With the national average home equity line of credit (HELOC) interest rate on the decline, homeowners are finding that a HELOC can provide a welcome solution for holiday cash flow needs. The current low pricing, based on the prime rate, makes a HELOC more affordable than it has been in three years.
According to Curinos data, the average weekly HELOC rate stands at 7.44%. This rate is applicable to applicants with a minimum credit score of 780 and a maximum combined loan-to-value ratio (CLTV) of 70%. Homeowners collectively held nearly $36 trillion in home equity at the end of the second quarter of 2025, marking the highest amount of home equity on record.
With mortgage rates still above 6%, homeowners are reluctant to part with their primary mortgage, making selling a house or opting for a cash-out refinance less appealing. Opting for a HELOC allows homeowners to access some of their home equity without giving up their low mortgage rate.
HELOC interest rates differ from primary mortgage rates as they are based on an index rate plus a margin. Typically, the index rate is the prime rate, which has recently dropped to 6.75%. By adding a margin of 0.75%, the HELOC rate would be 7.50%. Lenders have some flexibility in pricing HELOCs based on factors such as credit score, existing debt levels, and the credit line amount in relation to the home’s value.
It is essential to shop around for the best HELOC rates as national averages may include introductory rates that could increase after a specified period. By retaining their low-rate mortgage and exploring a HELOC, homeowners can access their home equity while continuing to pay down their primary mortgage.
Top HELOC lenders offer low fees, fixed-rate options, and generous credit lines, allowing homeowners to utilize their home equity as needed. HELOCs offer the flexibility to borrow and repay funds as required, with interest only accruing on the amount borrowed.
Currently, LendingTree is offering a HELOC APR as low as 6.36% on a $150,000 credit line. It’s important to consider that HELOCs typically come with variable interest rates that may fluctuate over time. Prospective borrowers should compare fees, repayment terms, and minimum draw amounts to find the best option for their financial needs.
HELOCs provide the advantage of tapping into only the necessary funds while keeping a line of credit available for future needs. By borrowing responsibly and repaying promptly, homeowners can leverage their home equity for various purposes, such as home improvements, repairs, or even leisure activities like vacations.

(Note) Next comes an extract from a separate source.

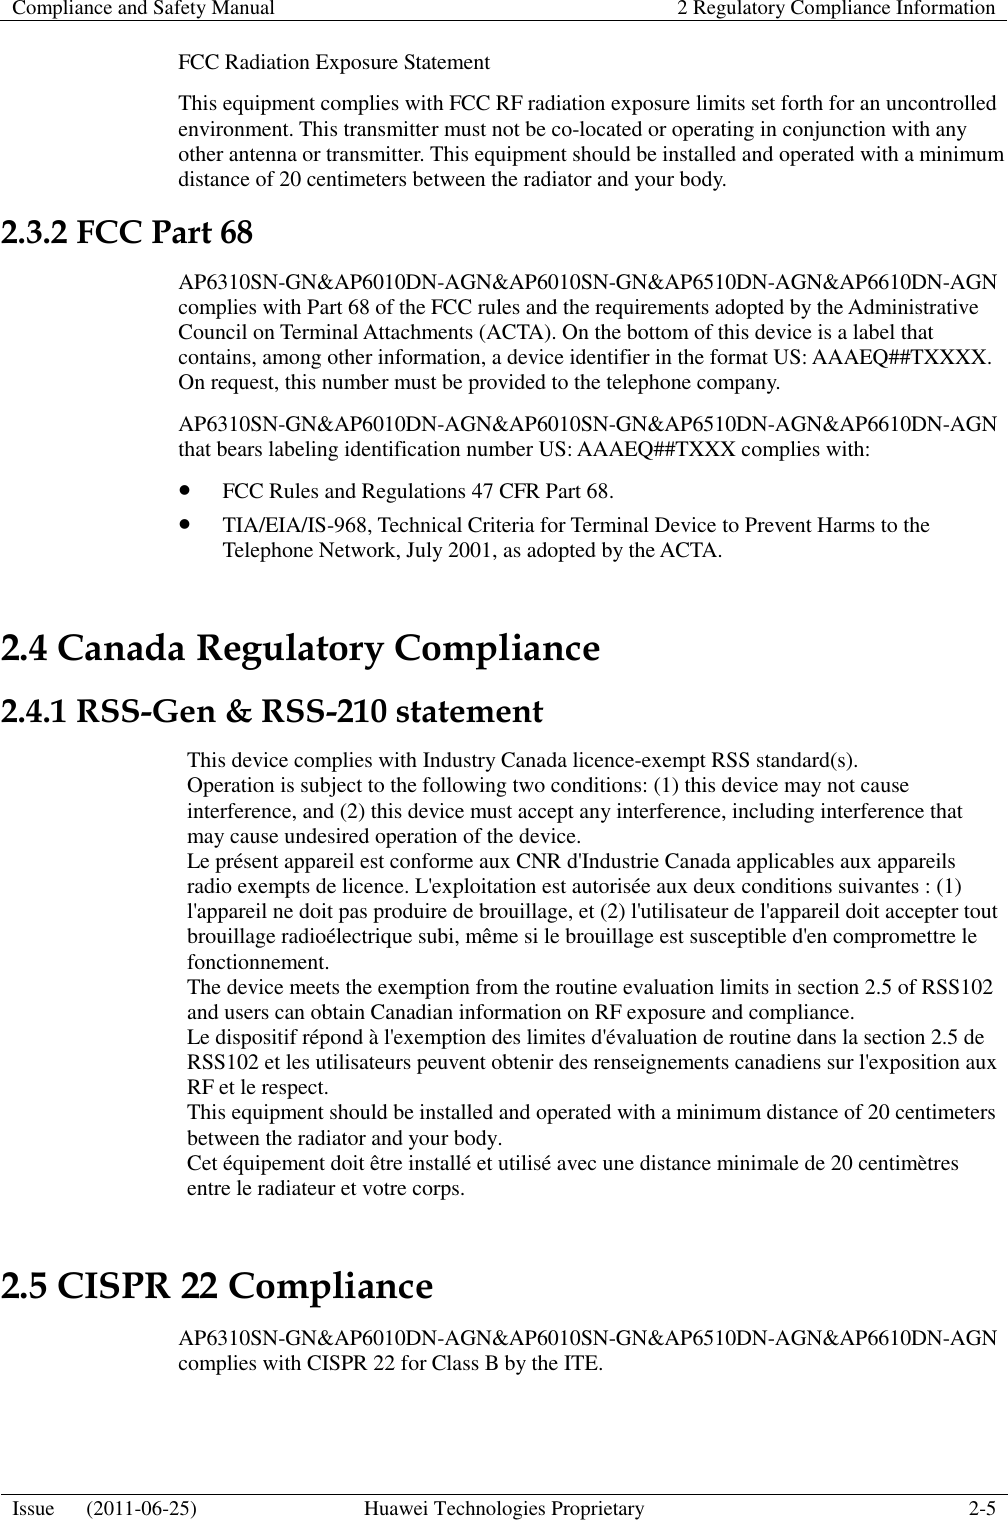 Compliance and Safety Manual 2 Regulatory Compliance Information  Issue      (2011-06-25) Huawei Technologies Proprietary 2-5  FCC Radiation Exposure Statement   This equipment complies with FCC RF radiation exposure limits set forth for an uncontrolled environment. This transmitter must not be co-located or operating in conjunction with any other antenna or transmitter. This equipment should be installed and operated with a minimum distance of 20 centimeters between the radiator and your body. 2.3.2 FCC Part 68 AP6310SN-GN&amp;AP6010DN-AGN&amp;AP6010SN-GN&amp;AP6510DN-AGN&amp;AP6610DN-AGN complies with Part 68 of the FCC rules and the requirements adopted by the Administrative Council on Terminal Attachments (ACTA). On the bottom of this device is a label that contains, among other information, a device identifier in the format US: AAAEQ##TXXXX. On request, this number must be provided to the telephone company. AP6310SN-GN&amp;AP6010DN-AGN&amp;AP6010SN-GN&amp;AP6510DN-AGN&amp;AP6610DN-AGN that bears labeling identification number US: AAAEQ##TXXX complies with:  FCC Rules and Regulations 47 CFR Part 68.  TIA/EIA/IS-968, Technical Criteria for Terminal Device to Prevent Harms to the Telephone Network, July 2001, as adopted by the ACTA. 2.4 Canada Regulatory Compliance 2.4.1 RSS-Gen &amp; RSS-210 statement This device complies with Industry Canada licence-exempt RSS standard(s). Operation is subject to the following two conditions: (1) this device may not cause interference, and (2) this device must accept any interference, including interference that may cause undesired operation of the device. Le présent appareil est conforme aux CNR d&apos;Industrie Canada applicables aux appareils radio exempts de licence. L&apos;exploitation est autorisée aux deux conditions suivantes : (1) l&apos;appareil ne doit pas produire de brouillage, et (2) l&apos;utilisateur de l&apos;appareil doit accepter tout brouillage radioélectrique subi, même si le brouillage est susceptible d&apos;en compromettre le fonctionnement.   The device meets the exemption from the routine evaluation limits in section 2.5 of RSS102 and users can obtain Canadian information on RF exposure and compliance.   Le dispositif répond à l&apos;exemption des limites d&apos;évaluation de routine dans la section 2.5 de RSS102 et les utilisateurs peuvent obtenir des renseignements canadiens sur l&apos;exposition aux RF et le respect.   This equipment should be installed and operated with a minimum distance of 20 centimeters between the radiator and your body.   Cet équipement doit être installé et utilisé avec une distance minimale de 20 centimètres entre le radiateur et votre corps. 2.5 CISPR 22 Compliance AP6310SN-GN&amp;AP6010DN-AGN&amp;AP6010SN-GN&amp;AP6510DN-AGN&amp;AP6610DN-AGN complies with CISPR 22 for Class B by the ITE.

While a HELOC can offer financial flexibility, borrowers should be mindful of the repayment terms and potential interest rate fluctuations. It is advisable to borrow and repay the balance within a shorter period to avoid the HELOC essentially turning into a 30-year loan.
Overall, with favorable HELOC interest rates and a substantial amount of equity in their homes, now may be an opportune time for homeowners to consider leveraging their home equity for financial needs. By carefully evaluating their options and committing to responsible borrowing practices, homeowners can make the most of a HELOC while maintaining their low mortgage rate.